Era obediente, servicial, cumplidor de la ley y muy trabajador. La gente le
respetaba, le admiraba y le consideraba un hijo modélico. Aparentemente,
no tenía fallos. Pero cuando vio la alegría de su padre por la vuelta de su
hermano menor, un poder oscuro salió a la luz. De repente, aparece la
persona severa y egoísta que estaba escondida y que con los años se había
hecho más envidiosa y arrogante.

-¿Quieres decir con esto que quien se queda más cerca de Dios tiene más
riesgo de caer en esa soberbia?

Quiero decir que todos tenemos que esforzarnos por ser mejores, y que
el riesgo de perderse es un riesgo que nos afecta a todos. Todos estamos
expuestos al peligro de acomodarnos y enfriarnos. Ninguno debemos
considerarnos exentos de la tentación por el hecho de habernos entregado a
Dios.
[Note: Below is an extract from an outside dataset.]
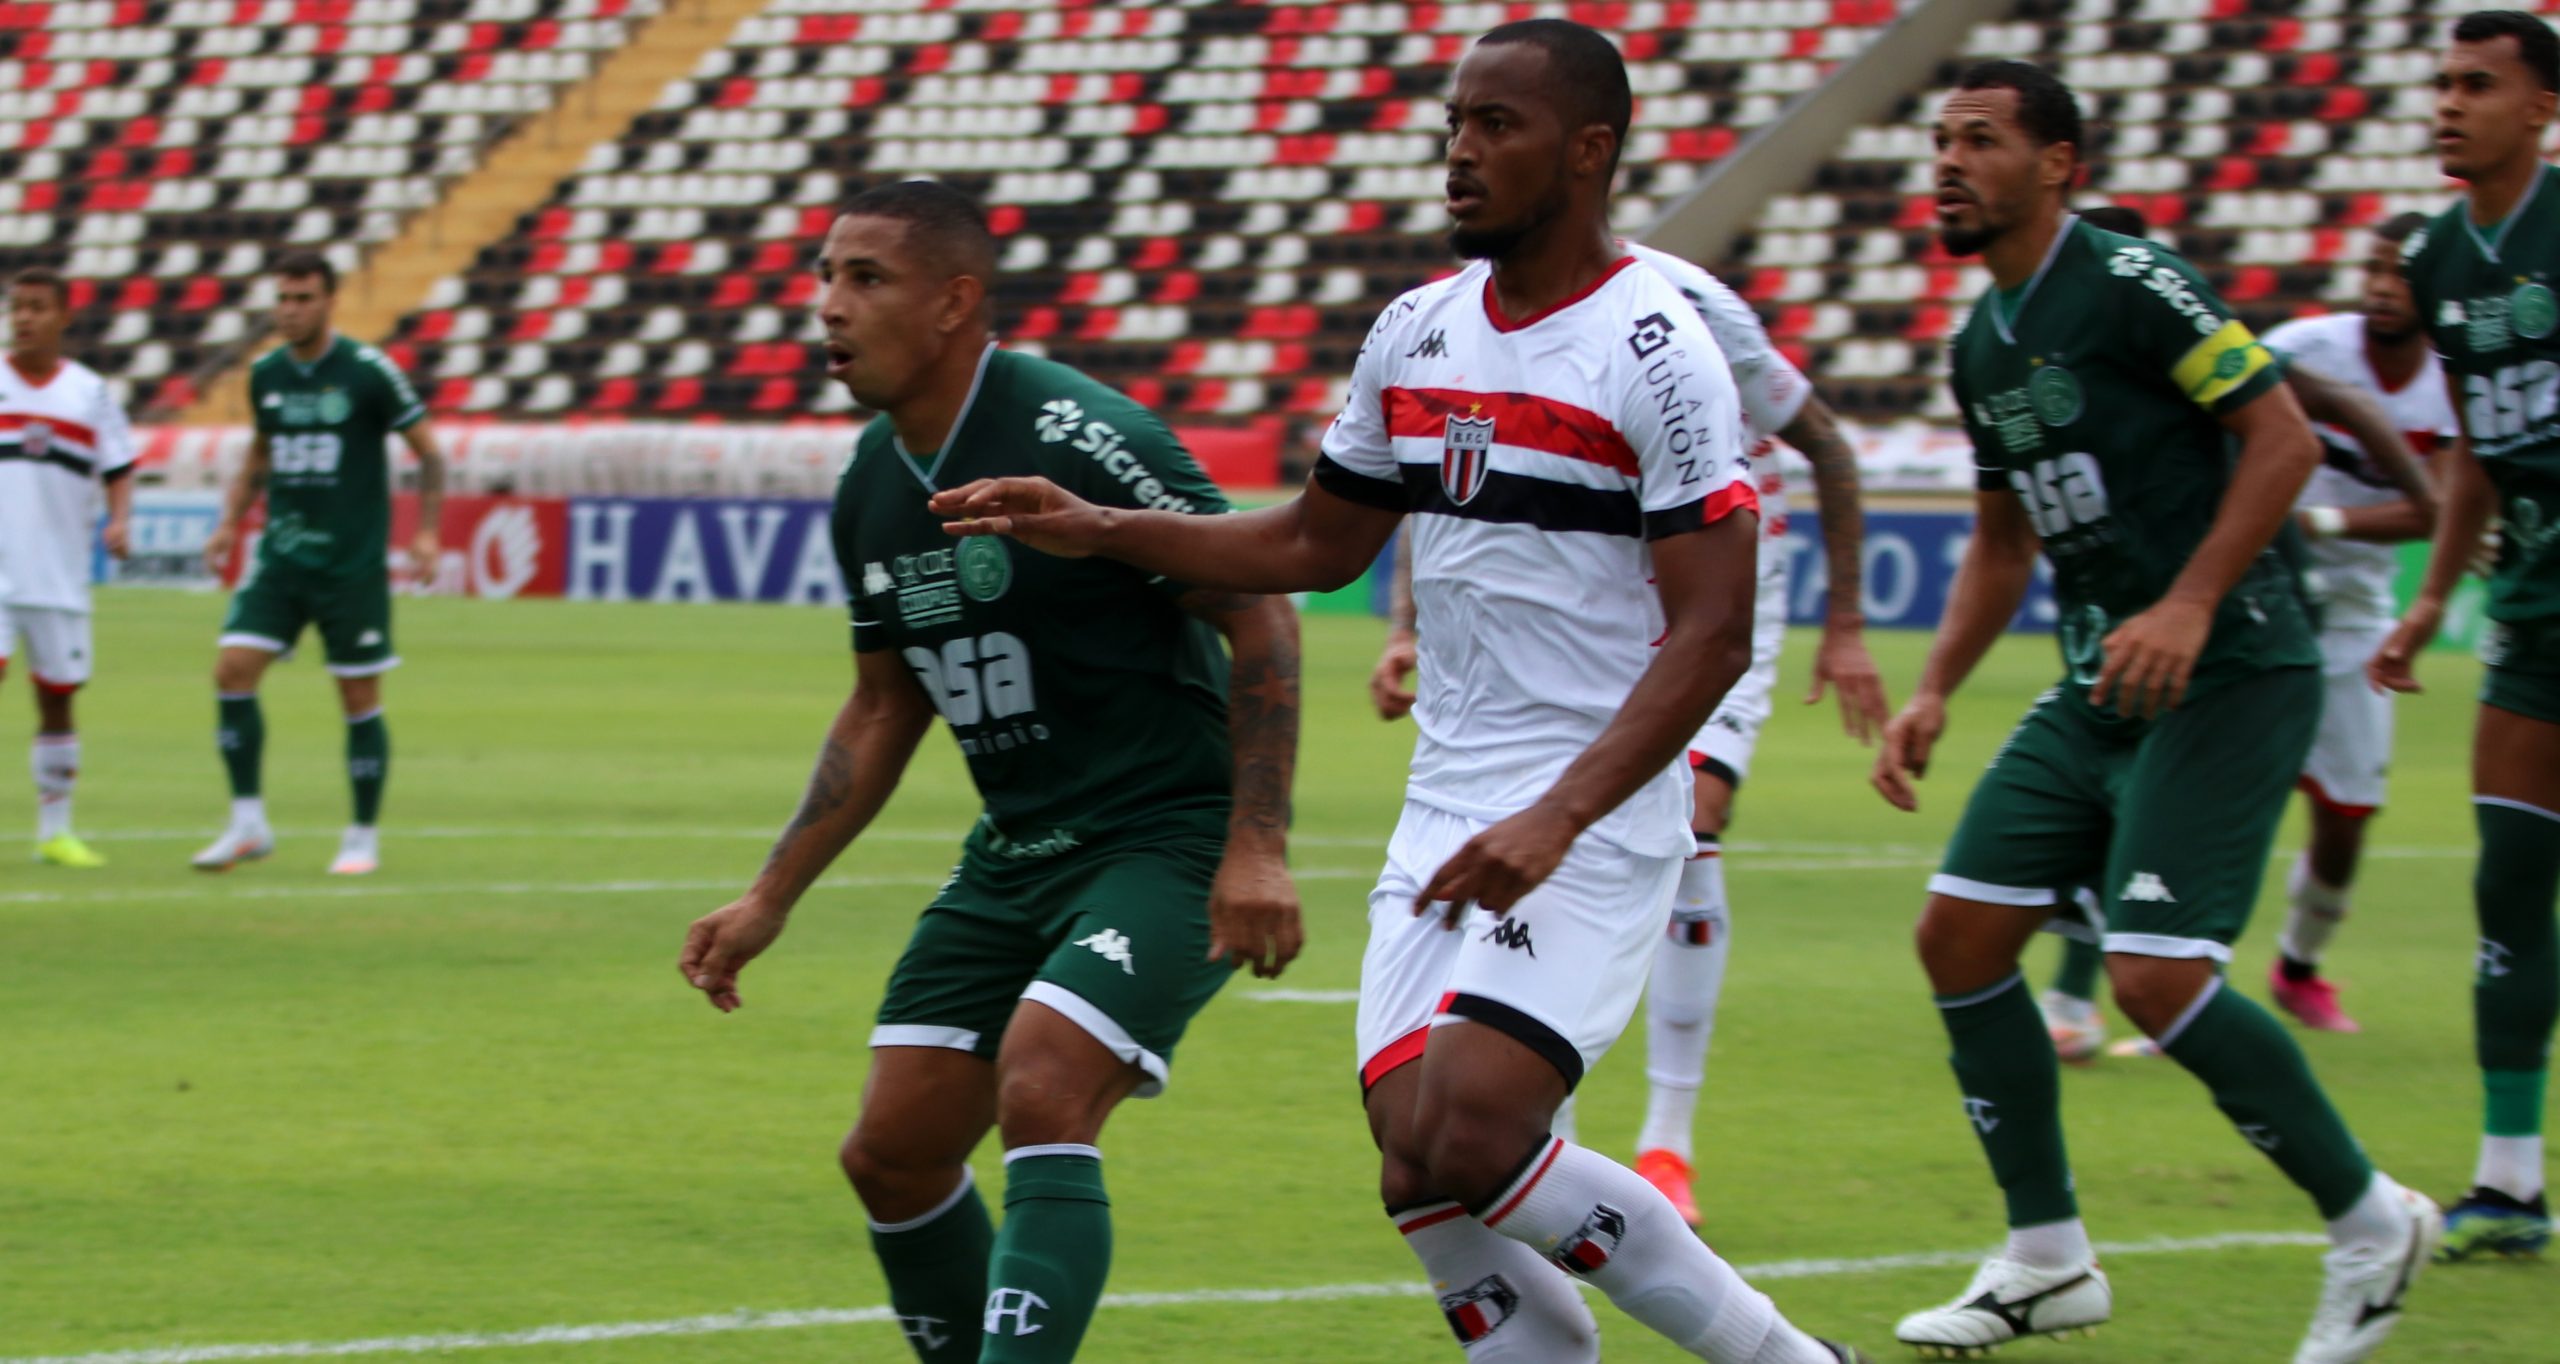 Guarani vence Botafogo-SP por 1 a 0 e se recupera no Paulistão

Igual que el hijo menor se perdió por no escuchar la voz de su padre y
marcharse, el hijo mayor se perdió igualmente por no escuchar esa misma
voz, aunque estuviera más cerca. Porque, en determinado momento de la
vida, una persona entregada a Dios puede sentirse como el hijo mayor, que
ha trabajado mucho en la granja de su padre, pero en vez de estar
agradecido por todo lo que ha recibido, se siente invadido por los celos de
ese irresponsable hermano menor. Y el único remedio es reconocer que esos
sentimientos proceden de la soberbia y el egoísmo.

-¿Y crees que el hijo menor que vuelve es más querido por Dios que el
hijo mayor?

Pienso que el padre quiere igual a los dos, pero expresa ese amor de
acuerdo con la trayectoria personal de cada uno. Conoce bien a ambos, y
comprende sus cualidades y sus defectos. A los dos les habla con afecto y con
claridad, sin enredarse en compararlos tontamente, y les invita a participar
de la alegría de estar allí.

-Entonces, si ninguno de los dos fue fiel, no queda claro qué opción es la
mejor.
La opción mejor es la de ser fiel a la voz de Dios. Esta escena del
Evangelio narra dos formas de ser infiel, y, sobre todo, la posibilidad de
volver cuando se ha desoído esa voz.

El hijo menor desoyó la llamada de Dios al principio. Si seguimos con


aquella comparación, no atendió esa llamada telefónica que Dios le hacía, a
pesar de resonar muchas veces, o la atendió pero enseguida cortó. El hijo
mayor, en cambio, respondió que sí, pero con el tiempo se fue
acostumbrando a oír esa voz y no actuar en consecuencia, y al final quedó
tan ajeno a esa voz como su hermano pequeño. El efecto es parecido, uno
por cortar y otro por malacostumbrarse o distraerse. Son distintas formas de
no ser fiel, y no se trata de ver cuál es mejor o peor, sino de aprender a
detectar el daño que siempre produce alejarnos de la voz de Dios.